Darryl Rosser, CEO of classroom furniture supplier Sagus International, called Principal Amanda Burnette the day after Obama read Bethea’s plea. After visiting the campus four weeks ago, Rosser said he knew he had to do what he could.

Over the weekend, Sagus sent nearly 2,000 pieces of furniture on four tractor-trailer loads. Volunteers worked throughout the weekend to put the surprise together, including a final coat of paint about 8 p.m. Sunday.

The furniture, plus setup and shipping by Sagus partners, was worth an estimated $250,000, Rosser said.

On Monday, Rosser said students’ reactions made it all worthwhile.

“It was heartwarming,” he said, smiling widely.

The cafeteria is newly painted in the school’s black and gold colors, with a three-dimensional Wildcats logo behind the stage.

Words of encouragement from leaders such as Thomas Jefferson and Martin Luther King Jr. adorn the walls. But the students chose as their favorite these words of President Obama: “Change will not come if we wait for some other person or some other time. We are the ones we’ve been waiting for. We are the change that we seek.”

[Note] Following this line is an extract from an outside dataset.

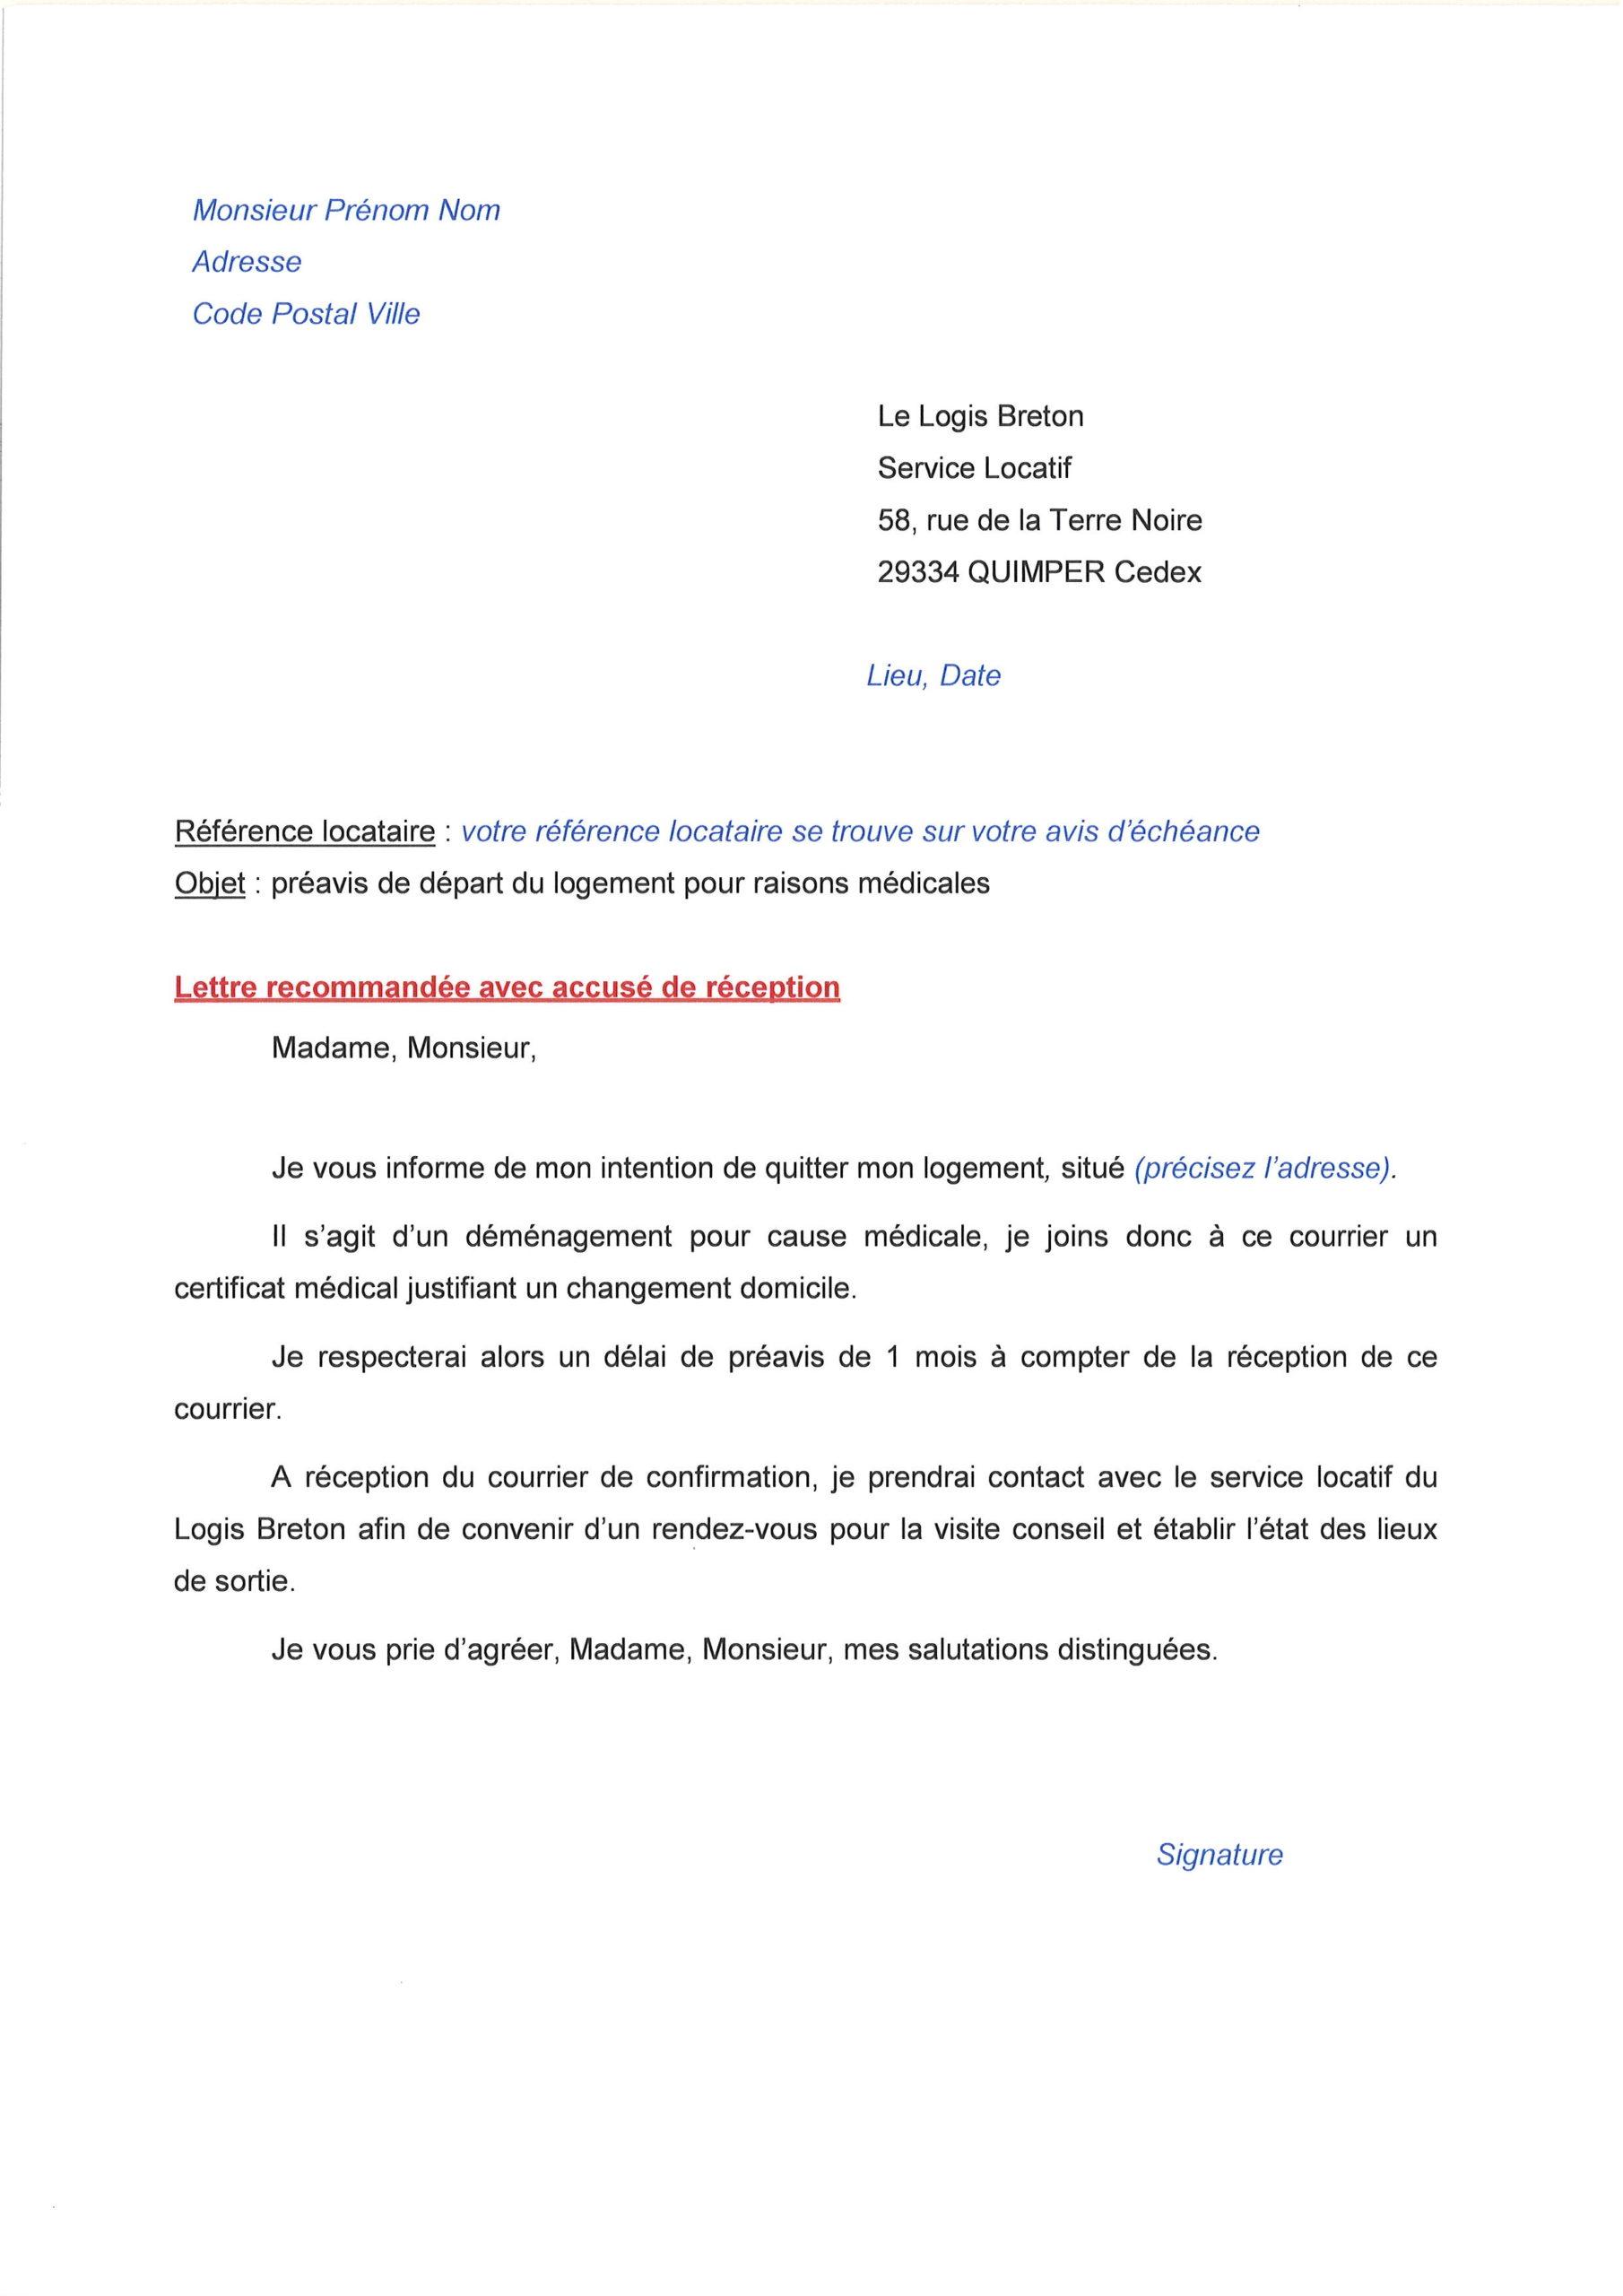 Tout Savoir Sur Le Logement Social Le Logis Breton

At a school assembly attended by state schools chief Jim Rex, U.S. Rep. John Spratt, D-S.C., Rep. Jackie Hayes, D-Dillon, and Sen. Kent Williams, D-Marion, Rosser got a standing ovation.

Rex said Rosser, whose business is based in Chicago, demonstrated what South Carolinians should do more often, when it comes to public education. “I’m a little bit regretful that this is necessary, that we need this type of philanthropy,” he said. “For too long in South Carolina people have walked away. … We must instead learn to step up.”

At the assembly, examples of the old desks sat in a semi-circle, tagged with their age — circa 1940 to 1980.

They were “nasty,” said eighth-grader Johnarra Bethea. “All the other desks had writing on it and gum under them,” said the 13-year-old.

Her math teacher, Audrey Hunt, said the new desks have transformed her classroom, which formerly had mismatched desks, including a broken one students kept moving around, so they didn’t have to sit in it.

“It’s inviting,” she said. “It dresses the room up.”

Band teacher Kevin McLellan, a former J.V. Martin student, said he’s been asking for new seats for years. The new ergonomic chairs will improve students’ posture and sound, he said.

After three classes using the new furniture, eighth-grader Darby Hamer said her back felt better than usual, and the new desktops offered more room for books.

“And these don’t squeak,” said the 14-year-old.

The student who brought the attention to J.V. Martin said the correctly-sized furniture will help students focus.

“Even though our dream is not yet completed … We now have a better school. We now feel better about our school,” Ty’Sheoma Bethea said. “We are not quitters,” she added, mimicking the words in her letter, “and we are not through.”